Но признай: изгоняя тебя, Господь не сделал тебя убогим нищим скитальцем. Ты - КнязьТьмы. Твоя всепобеждающая, чисто дьявольская  привлекательность осталась при тебе. К слову сказать, мы, конечно, знали друг друга, но вот так встречаемся впервые. И я вижу - ты прямо-таки светишься обаянием, ты источаешь обаяние, и я понимаю, - это обаяние зла. Ты говорил, зло творят люди. Верно. Но кто их соблазняет, подталкивает, разве не ты? В Москве я успел побывать у моего любимого Пашкова дома напротив Кремля - слава Богу, из него еще не вышибли пинками библиотеку, чтобы открыть ночной клуб. И если это произойдет - это будет сделано по твоей подсказке, скажешь, нет? 
   (Младший заметил, что при этих словах Гостя, Старший весело усмехнулся).
Гость продолжал: - О совести ты сказал много интересного, правильного, и это лишний раз доказывает, как, даже удалив от себя, щедро одарил тебя Господь. Да, в мироздании ничто не изменится. Бог ли, дьявол ли, ты, я - мы навсегда в вечности. И навсегда на моей стороне Бог и церковь, на твоей - империя зла.

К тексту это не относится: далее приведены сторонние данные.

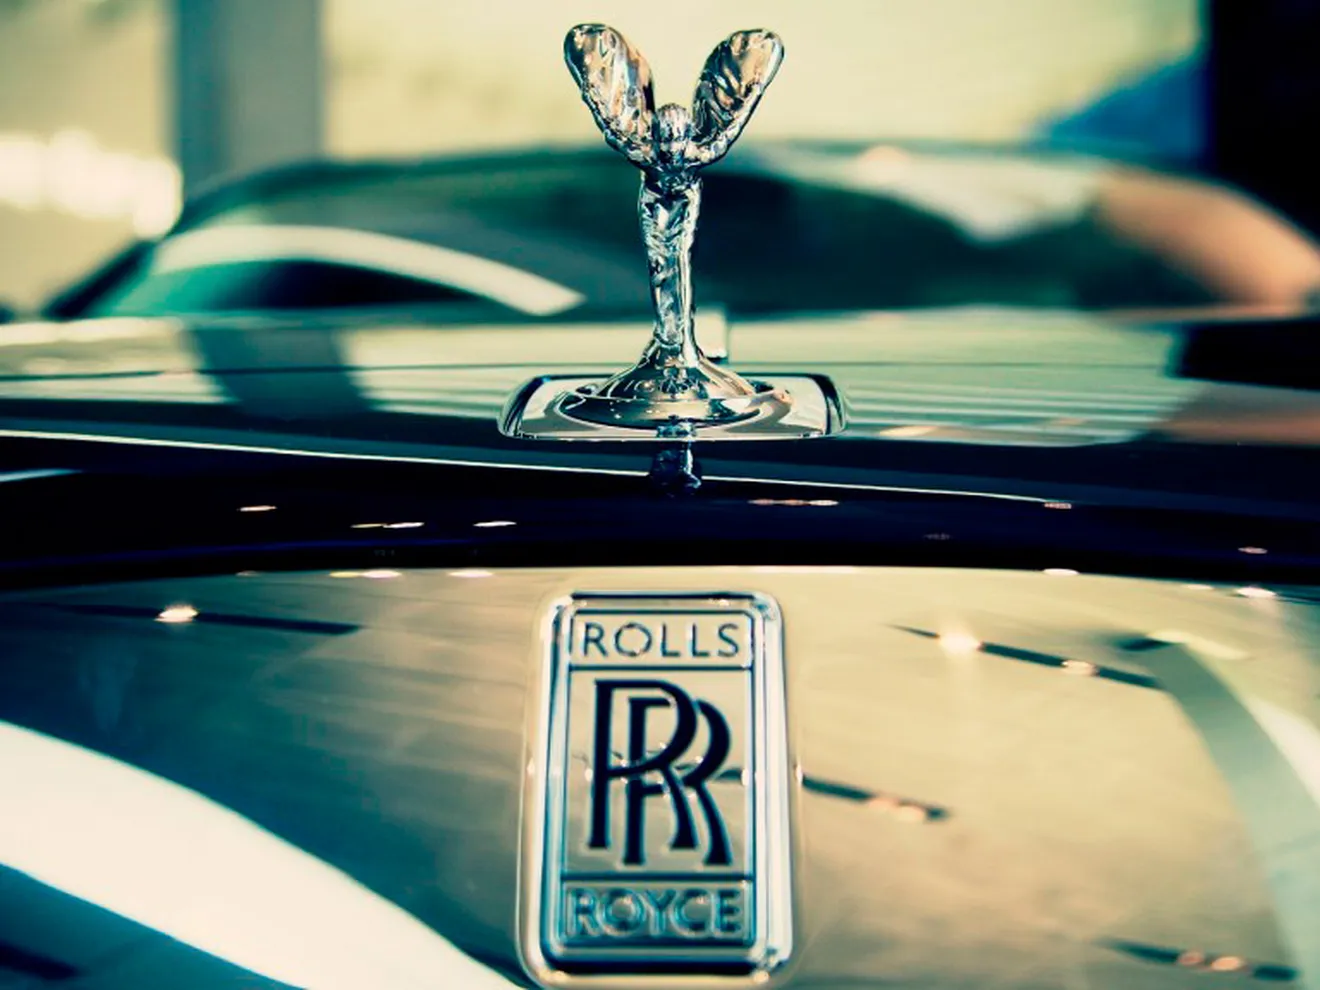 2015, el año decisivo para la fabricación del SUV de Rolls Royce

   У Старшего снова засверкали глаза:
   - Ты не хочешь говорить со мной о Боге, я - с тобой о церкви! Чтобы так умело, так последовательно превращать людей в послушное стадо! Вообще я давно убедился: с моей колокольни все гораздо лучше видно и понятно, чем с ваших! И я, несправедливо изгнанный из рая и, наконец, обратившийся в синоним зла, я взываю: надо вернуть совести, этому бесценному дару божьему, этому маячку в душе каждого человека, - настоящую роль.
   - Ты просто прелесть, -улыбался Гость. - И куда же ты, Князь Тьмы, денешься, если это произойдет?
   - О! После того, что я пережил, ничего не боюсь во веки веков. Со мной все будет в порядке! Знай: кем бы я ни был окружен, в душе я берег мечту о свободном, не стадном человеке. Каюсь, я проверял людей на прочность, и если встречал такого, в ком была хоть искра совести, - никогда  не вовлекал в злые дела. 
   Гость задумчиво сказал:
   - В век Интернета совесть не более злободневна, чем, скажем, голубиная почта. Удельный вес ее ничтожен. Но совесть дал людям Бог, а это значит, она пребудет с человеком во веки веков.
   - Ну, и к чему же мы пришли? - спросил Старший.
   - Ты хорошо говорил о двух силах первоначального Высшего Замысла. Но спустя столько веков, и ты, и я - мы всего лишь тени, осыпавшиеся фрески на стене древнего храма. Да, мы оба в вечности, в культуре, но вот в реальной жизни приходится уступать дорогу...
   - Нет! Только не смирение! - почти кричал Старший.- Бог? На него надежда только у бессильных стариков. Только мы, две  противоборствующие силы, мы реальны и должны что-то сделать. Вот смотри, на что я готов пойти: пусть совесть громко звучит в том, кто готовится совершить злое дело. Пусть он до конца осознает, на что идет.
   - И от одного этого убийств и изнасилований станет меньше?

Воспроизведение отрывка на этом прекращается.